Opinion: News companies exploit tragedies and treat celebrities like royalty

NEW YORK (MarketWatch) — The Gallup polling organization has reported that Americans’ confidence in the media remains frightfully low. If you’re in the news business, this development should shake you to your core.

It boils down to this: What you’re selling, the public ain’t buying.

In fact, its belief in television news, newspapers and news found on the Internet is currently at or tied with record lows in the polling organization’s long-running confidence-in-institutions surveys. This is not a new occurrence.

Those findings build on a decades-long nose-dive. And what about the media industry’s savior, the Web, you ask? The trust in Internet news remains low since the previous survey, conducted in 1999. But that was so long ago that the tech-stock bubble hadn’t even burst yet.

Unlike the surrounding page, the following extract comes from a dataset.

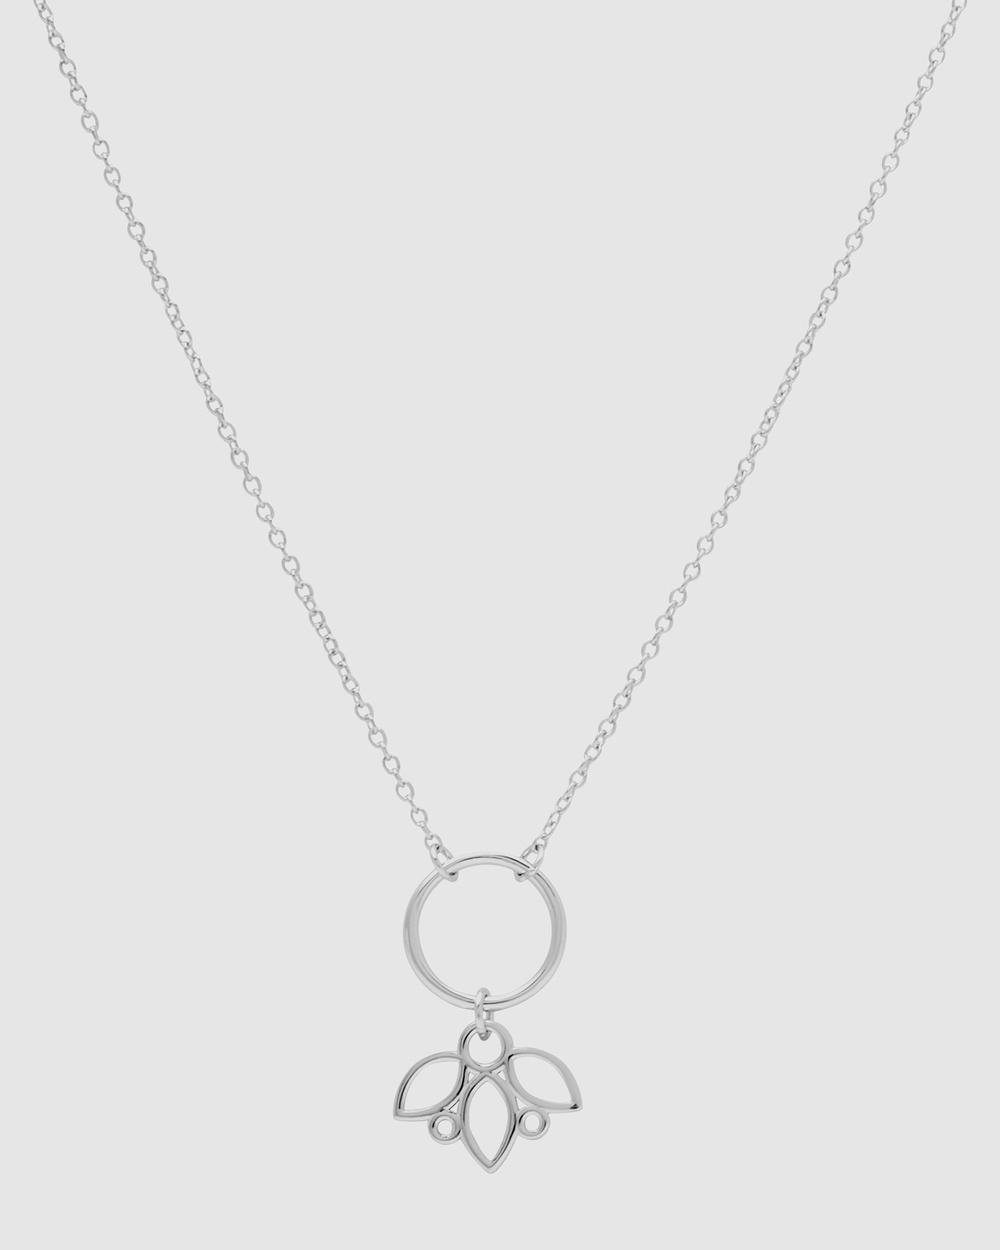 Pastiche Posy Necklace Jewellery Silver

The survey scrutinized Americans’ trust in 17 institutions; and newspapers, television news and Internet news ranked in the bottom third. The only institution all three outpolled was Congress. (That’s something to cheer about, eh?)

The Poynter media organization notes that, according to Gallup, “confidence in newspapers has declined by more than half since its 1979 peak of 51%, while TV news has seen confidence ebb from its high of 46% in 1993, the first year that Gallup asked this question.”